Comment: The SNP's 'secret Scotland' short-changes us all - even independence supporters
Last month, Holyrood published a deep-dive into the SNP’s relationship with media scrutiny and accountability – from refusing requests for interviews, blocking journalists from attending campaign launches, to knocking back freedom of information requests.
Titled ‘Secret Scotland’, we examined how the Scottish Government and the SNP, which are increasingly intertwined after 15 years of government, approach requests from Scottish voters on the government’s activities.
In the aftermath, the usual polarised comments appeared on social media – of unionist accounts celebrating the SNP’s secretive nature with glee, and indy-supporters doing their best to explain away their chosen party’s approach to the “unionist media”.
But the argument against secrecy in government is nothing to do with whatever constitutional argument you wish to put forward, and everything to do with power and how it is managed in a democracy.
You have a right to know how your taxes are spent, what is done in your name, and more importantly the right to demand competence from ministers and other politicians – especially if you gave them your vote.
To that end, independence supporters would do well to remember the crux of their argument is that Holyrood, and the current government, should be the centre of an independent nation. Would it not favour the arguments for independence if that government was transparent, competent, and effective? The prize of an independent Scotland is not worth the cost of living under a secretive government.
The conclusion of the article, that the Scottish Government does everything it can to keep essential but potentially embarrassing information from Scottish voters, is somewhat irrefutable when their history with the media is examined.
Journalists from print media were not allowed to attend the SNP’s local election launched in Glasgow. The party didn’t bother to hold a spring conference. The media team responds to press enquiries with obfuscation and delay.
And now, to the surprise of absolutely no one in Scotland’s media corps, the Scottish Government has been rapped on the knuckles by the Scottish Information Commissioner (SIC) for blatantly contravening freedom of information laws.
Under freedom of information legislation, anyone can request information from the government about anything that is not already in the public domain, and which does not contravene certain exemption such as commercial sensitivity (most frequently used to deny FOIs about business ventures) and security.
But the Scottish Government has routinely failed to uphold this law.
The SIC recently published a progress report on the government’s handling of FOIs, the third such report since the commissioner intervened over its handling of requests in 2018 after the media raised concerns.
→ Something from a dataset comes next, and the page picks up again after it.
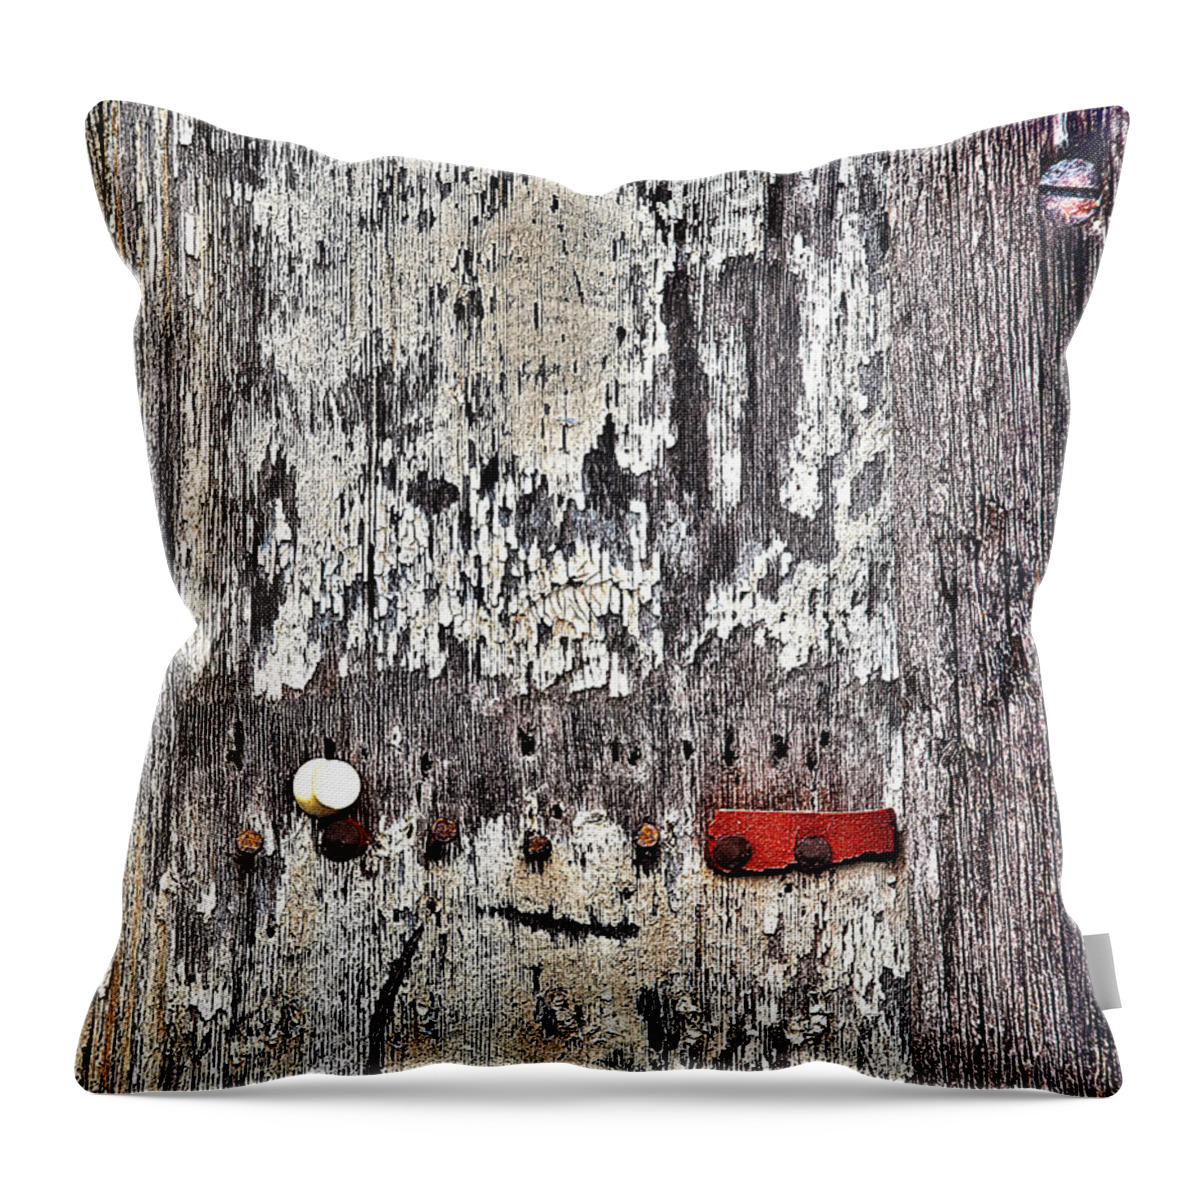 Wood Throw Pillow featuring the photograph Weathered Wood by Rick Mosher

The commissioner reported “substantial problems in the Scottish Government’s ability to track, monitor and report on (and therefore improve) FOI performance”, and “evidence of significant delays and organisational ‘bottlenecks’ in some areas”.
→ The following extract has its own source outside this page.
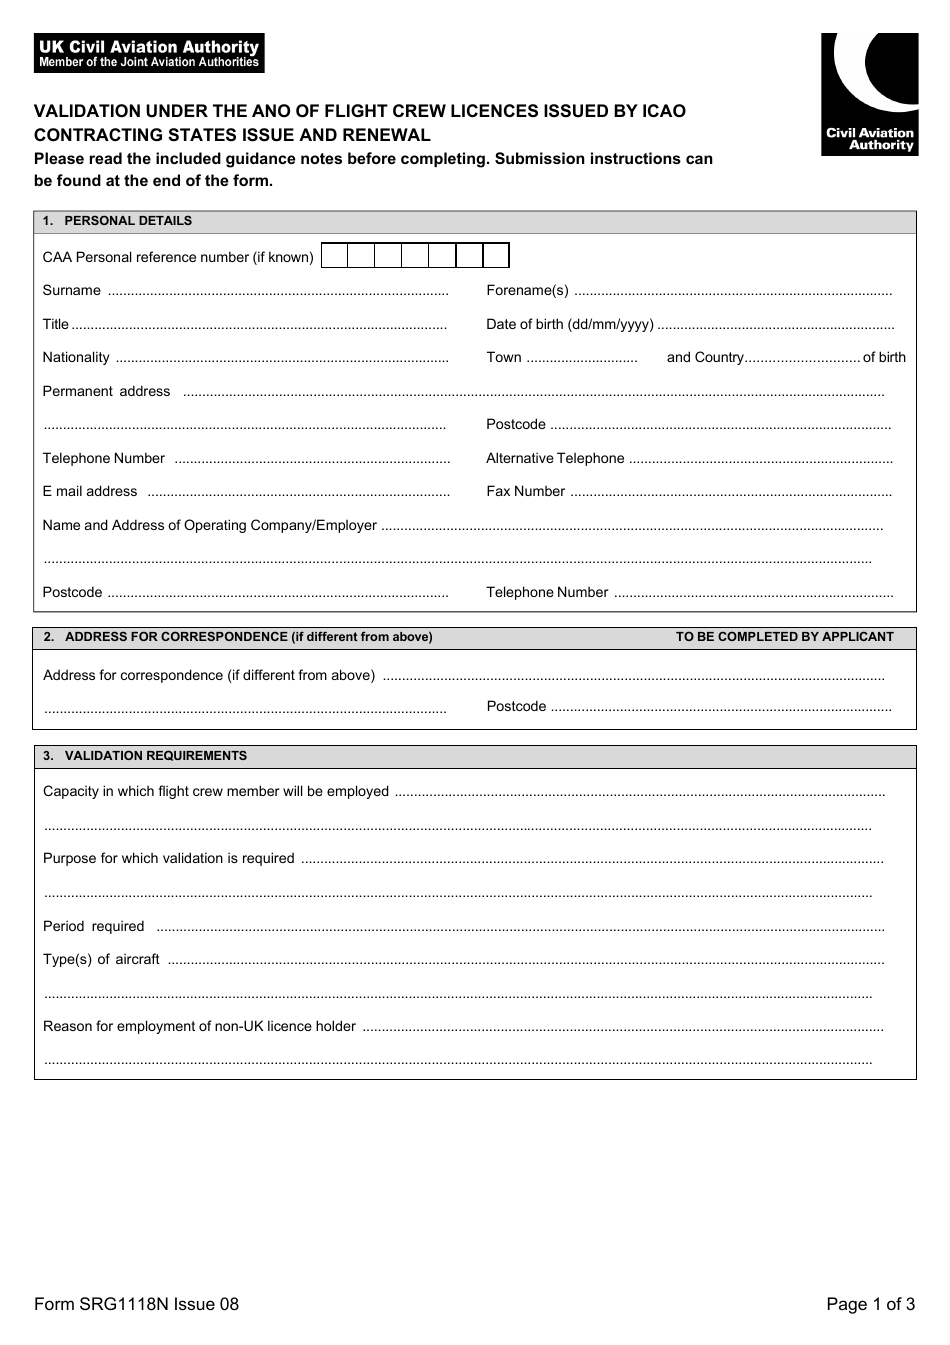 Form SRG1118N Validation Under the Ano of Flight Crew Licences Issued by Icao Contracting States Issue and Renewal - United Kingdom, Page 1

The report reads: “I also found evidence of significant and systemic failures to comply with case file records management requirements with the effect that, for many of the cases examined, it was not possible to fully assess how a case had been handled, who had been involved in case handling, or why particular decisions were taken”.
Particular concerns were raised over the failure to record the involvement of ministerial aides, known as special advisers, in FOI cases.
In one example, an FOI request about the extremely controversial discharge of coronavirus patients from hospitals to care homes had taken eight months to answer because "the case sat with special advisers for at least three months".
Even the most ardent SNP supporters must bristle with fury that party officials delayed the release of such important information, and no doubt opposition parties will speculate as to the SNP’s intentions.
The report comes just a week after the Scottish Government belatedly found a ‘lost’ email in its records that went to the heart of the CalMac ferries fiasco.
The independence movement does have some cause to be wary of the media, that much needs to be acknowledged. Before The National was launched, the SNP was rarely given a fair hearing in Scotland’s print media, and indy-supporters’ opinion of the BBC is currently at an all-time low.
But demanding a competent government transcends constitutional arguments, and a government cannot be held to account in the dark. To that end, the press needs to no longer be treated as the enemy by the SNP and other indy groups.
To those wanting to put forth a case for an independent Scotland, who need more voters to come over to their side: show voters what you can do with the limited powers you have, and show them what an alternative to Westminster really looks like. Otherwise, a choice between Holyrood and Westminster isn’t really a choice at all.